The illogical Left:
“Hate speech laws defend free speech. Refusal to challenge Muslim injustices against minorities supports human rights.”
Western Critics of Democracy: “Accomplices to Injustice”
by Michael Curtis
June 11, 2012 at 4:00 am
Why would these high-minded progressives and supposed upholders of free speech not protest the decision of the UN Human Rights Council to punish criticism of Islam, or speak out against honor killings or female genital mutilation, or protest the Cairo Declaration on Human Rights Islam, which states that Sharia law is the “only source of reference” for the protection of human rights in Islamic countries — a statement totally contrary to the UN Declaration of Human Rights?
Support for people who criticize their own Western democratic societies is now all too apparent among many Western intellectuals, academics, members of the media, international organizations, and religious groups which, while refusing to challenge cases of injustice, particularly in Muslim countries, instead criticize and condemn the state of Israel at every turn, despite the continuing physical and rhetorical aggression against it.

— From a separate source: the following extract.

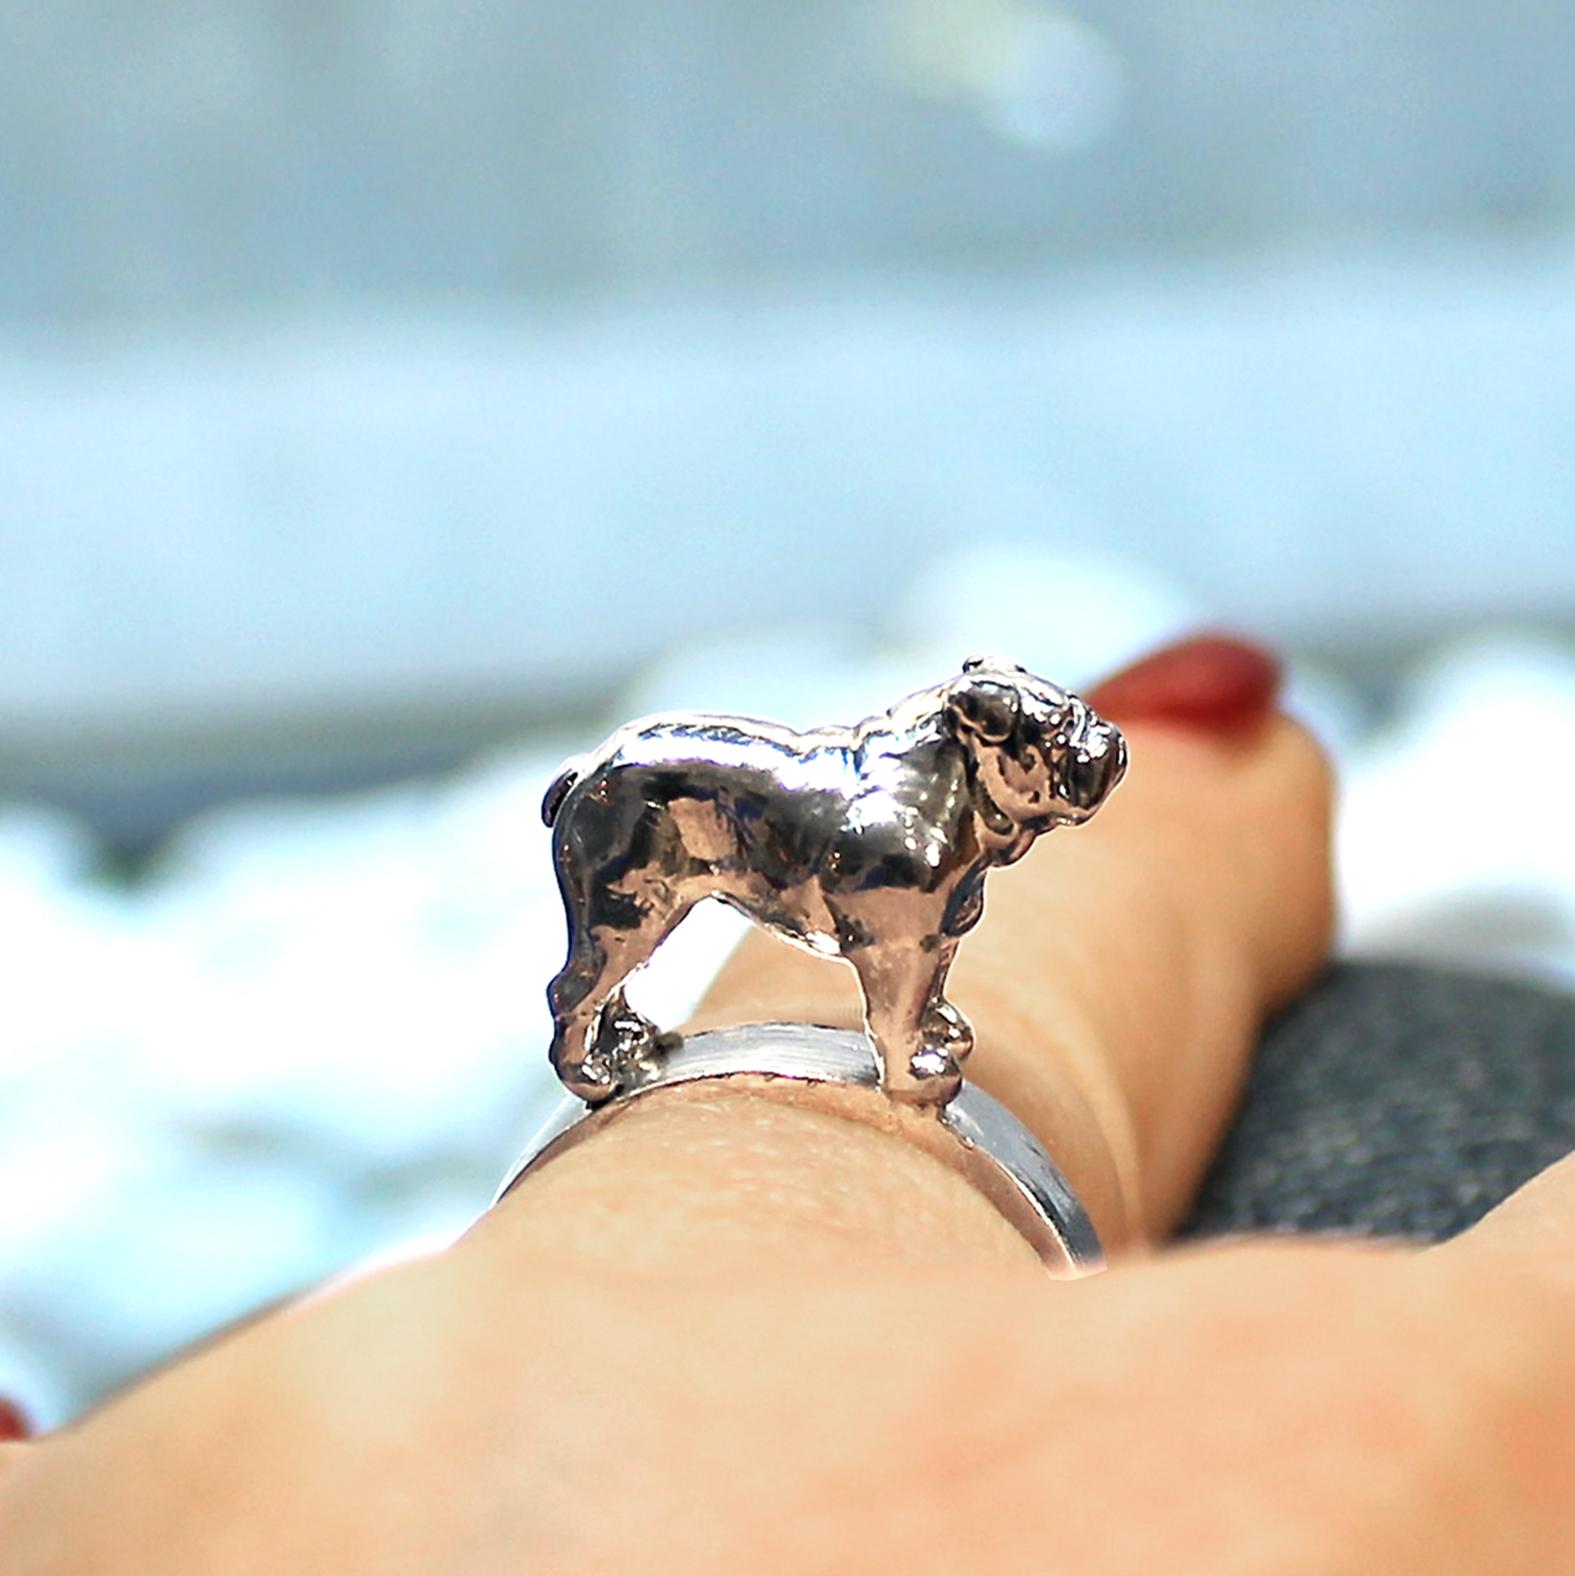 bulldog-inglese-anello

Intellectual support for, or acquiescence in, tyrannical regimes and unjust rulers is familiar in history. It runs from Plato supporting the tyrant of Syracuse; Seneca praising Nero; Aristotle advising Alexander the Great, and it extends to modern times with individuals such as Martin Heidegger approving, for a time, Hitler, and Maurice Merleau-Ponty, who, in 1947, justified the fraudulent Moscow Trials which condemned the Russian critics of Stalin.

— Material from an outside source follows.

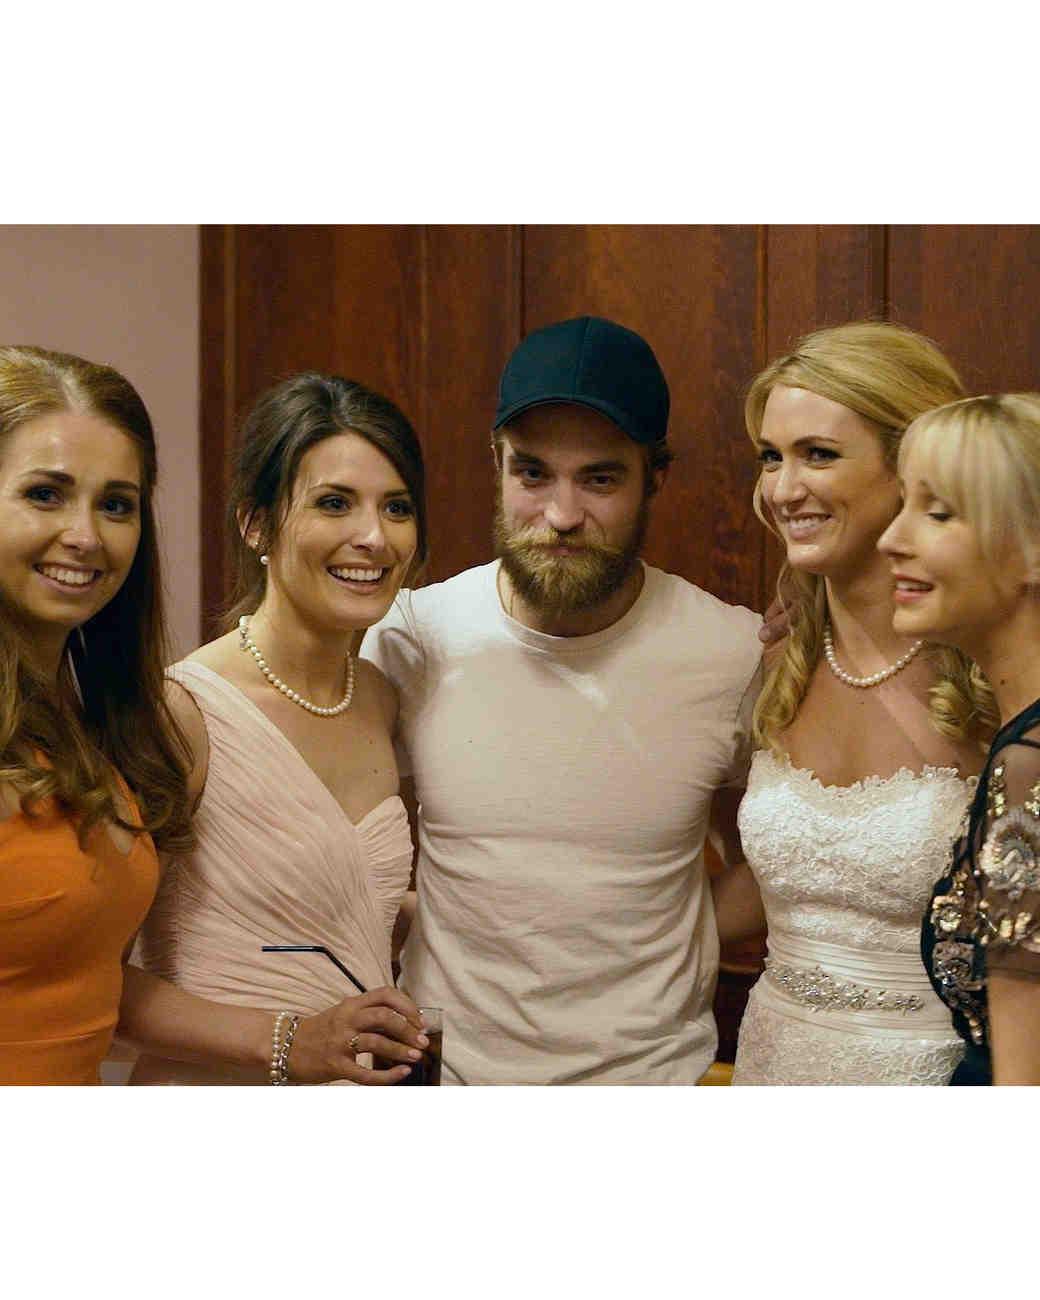 celebrity-wedding-crashers-robert-pattinson-1215.jpg

The Dean of Canterbury in Britain for over 30 years, Hewlett Johnson, embodied a deluded, fanatical mind at work: safe in his ecclesiastical position, and suffering no penalties for his utterances and actions, Johnson was a life-long admirer of both Communism in theory, and the Soviet Union in action. He defended the Nazi-Soviet Pact of September 1939 — the prelude to Hitler’s start of World War II. Johnson’s undying admiration for Communism led him to defend both the arrest in 1949 on false charges, of Cardinal Mindzenty by the Hungarian secret police, and the Soviet invasion of Hungary — for which he was awarded the Lenin Peace Prize in 1950, and the Stalin International Peace Prize in 1951,
As George Orwell, familiar with such “fellow travelers” of the Soviet Communist regime who, in their irresponsible fashion, supported or excused that regime despite its tyranny and brutality, and at no cost to themselves, wrote, “So much of left-wing thought is a kind of playing with fire by people who don’t even know that fire is hot.”

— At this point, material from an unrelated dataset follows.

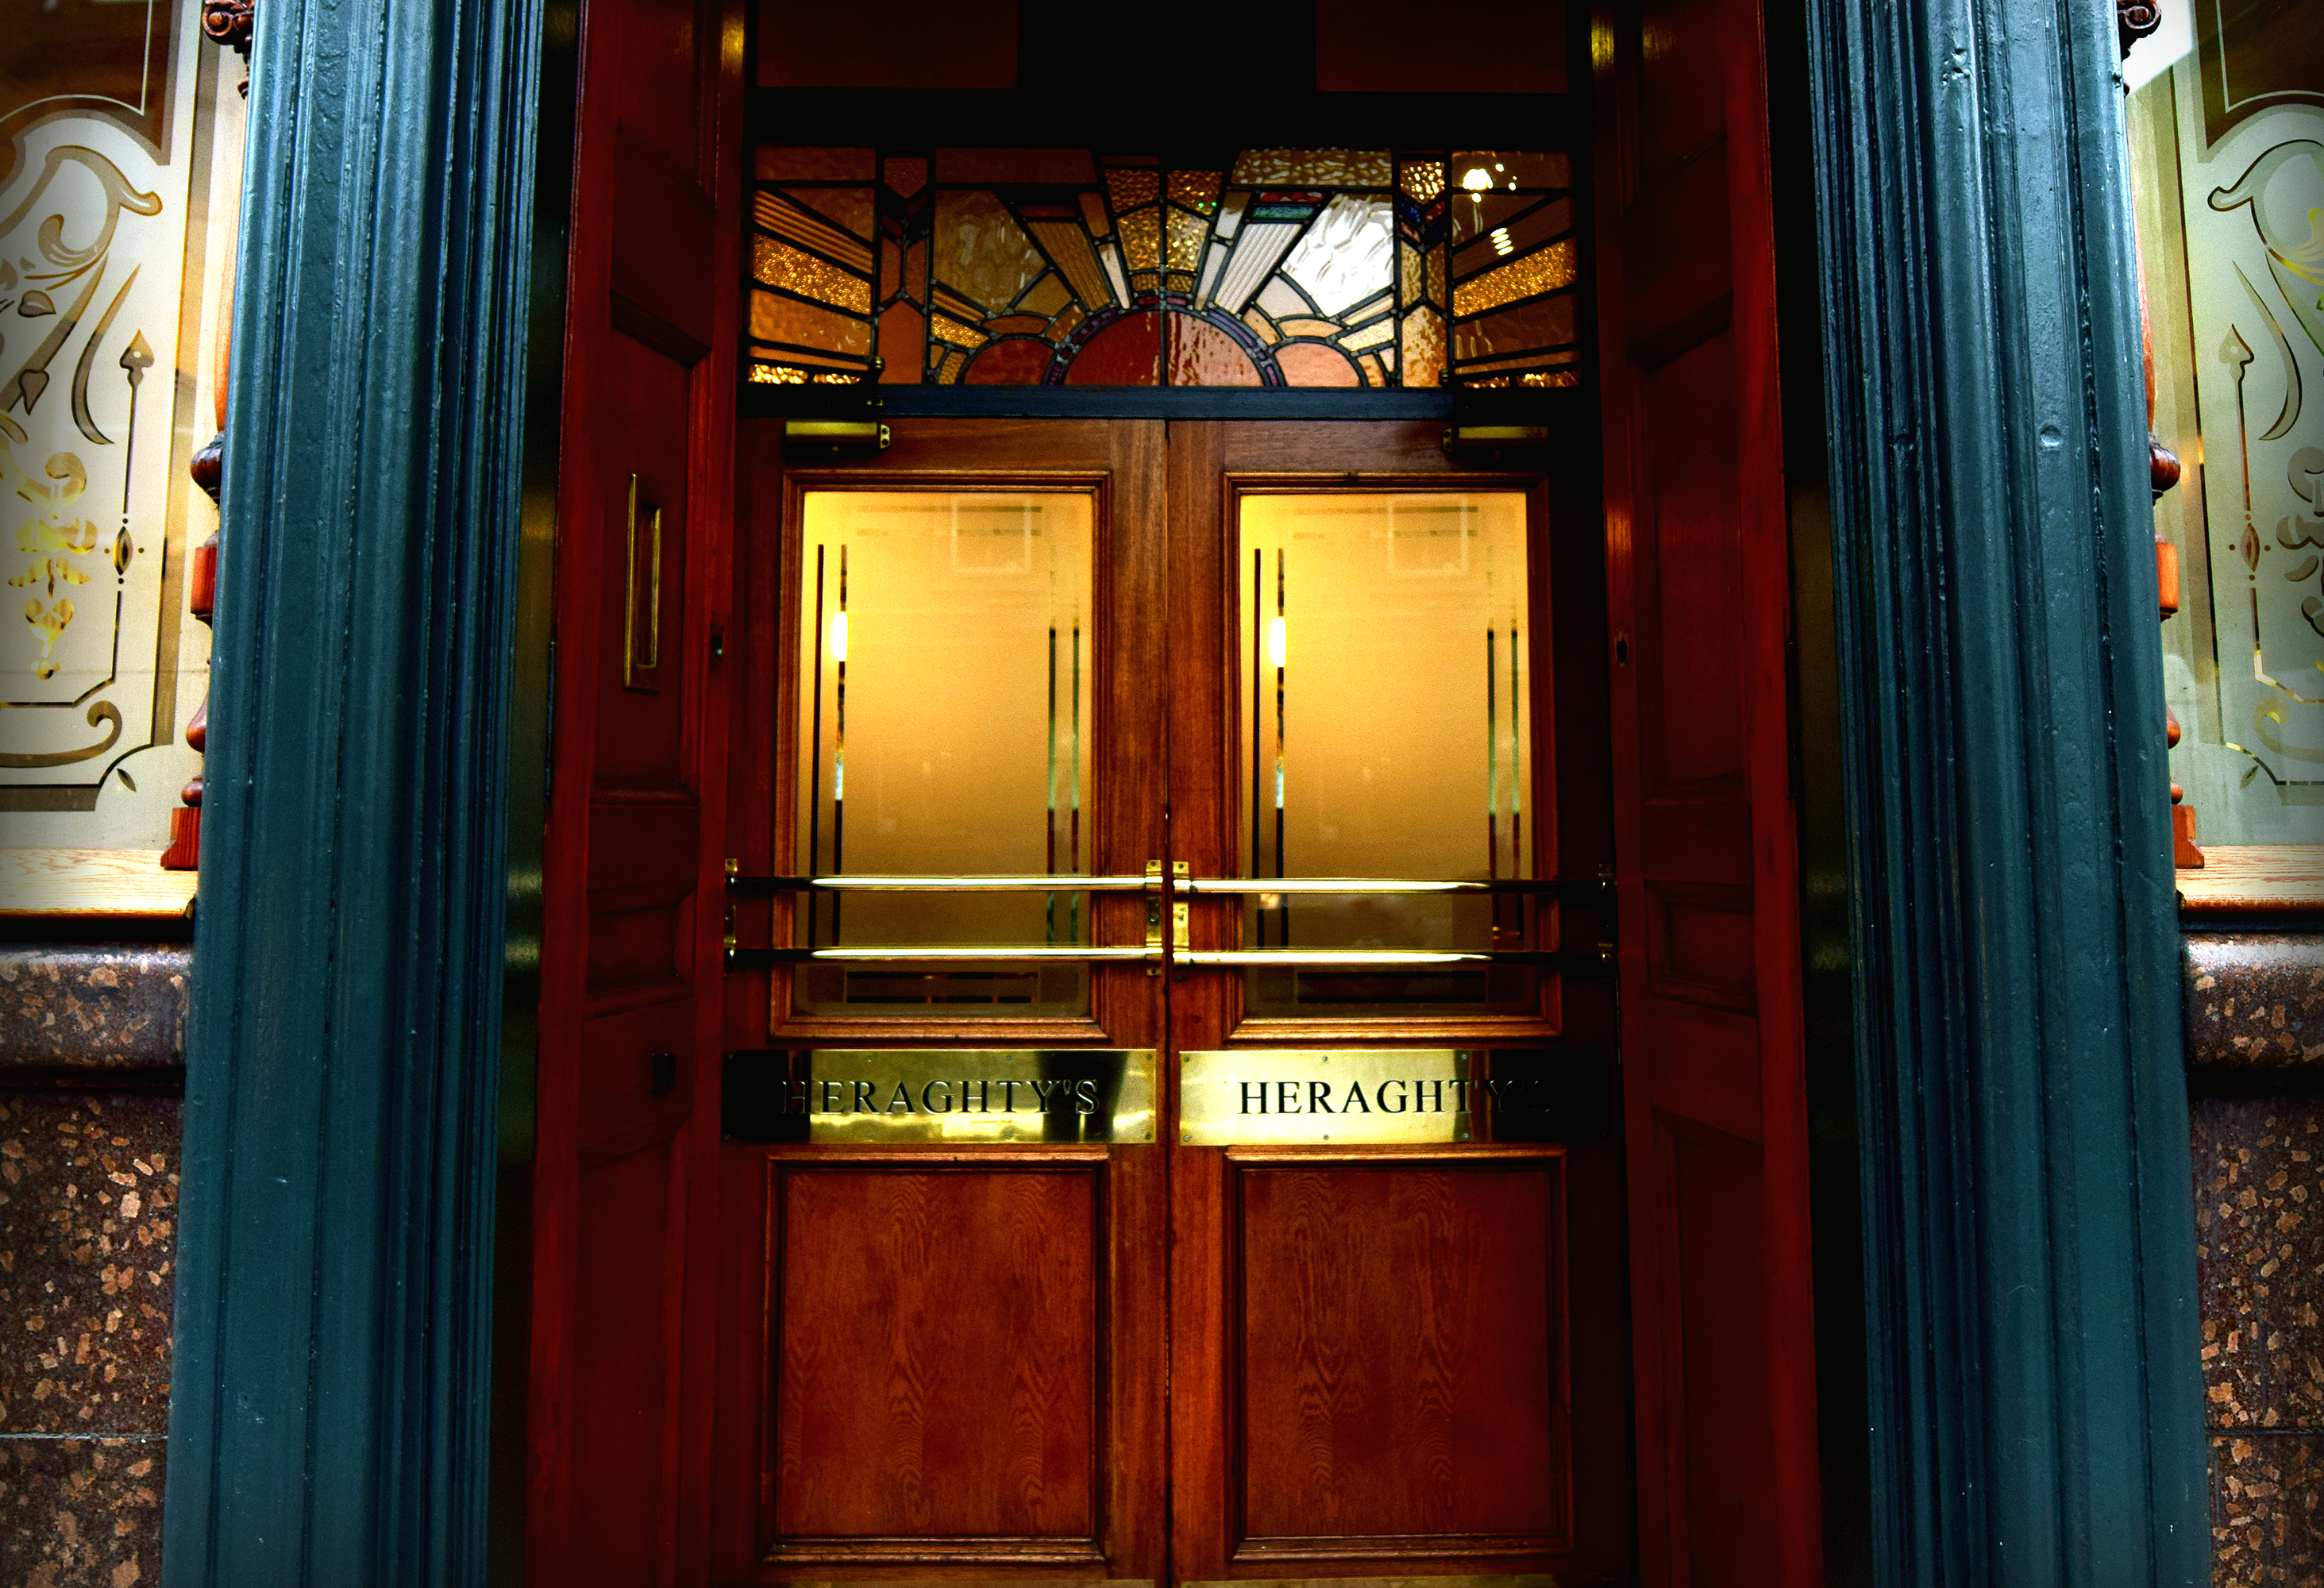 Heraghty' Bar friendly Irish bar

These critics, consciously or not, are now allying with groups and states the open, ultimate, objective of whom is the destruction of the state of Israel. In fairness, people with this mindset have, in recent years, also supported worthy causes, such as sanctions against the apartheid state of South Africa and calls for its abolition. Such support, however, could hardly be considered courageous: no one had to pay any price for it; on the contrary, there were benefits, both ideological and personal, such as enlarged self-esteem or glory in success.
Thankyou for the post I enjoyed reading it accept for the South African reference (I used to live there, some of my friends have been murdered on their farms).
The reference I like most is George Orwell “So much of left-wing thought is a kind of playing with fire by people who don’t even know that fire is hot.”
When I see the red flags waiving at demo’s all I see is idiocy. Yet they seem to get their people voted in time after time.
I would like to see more cartoons mocking the leftards, that would be good.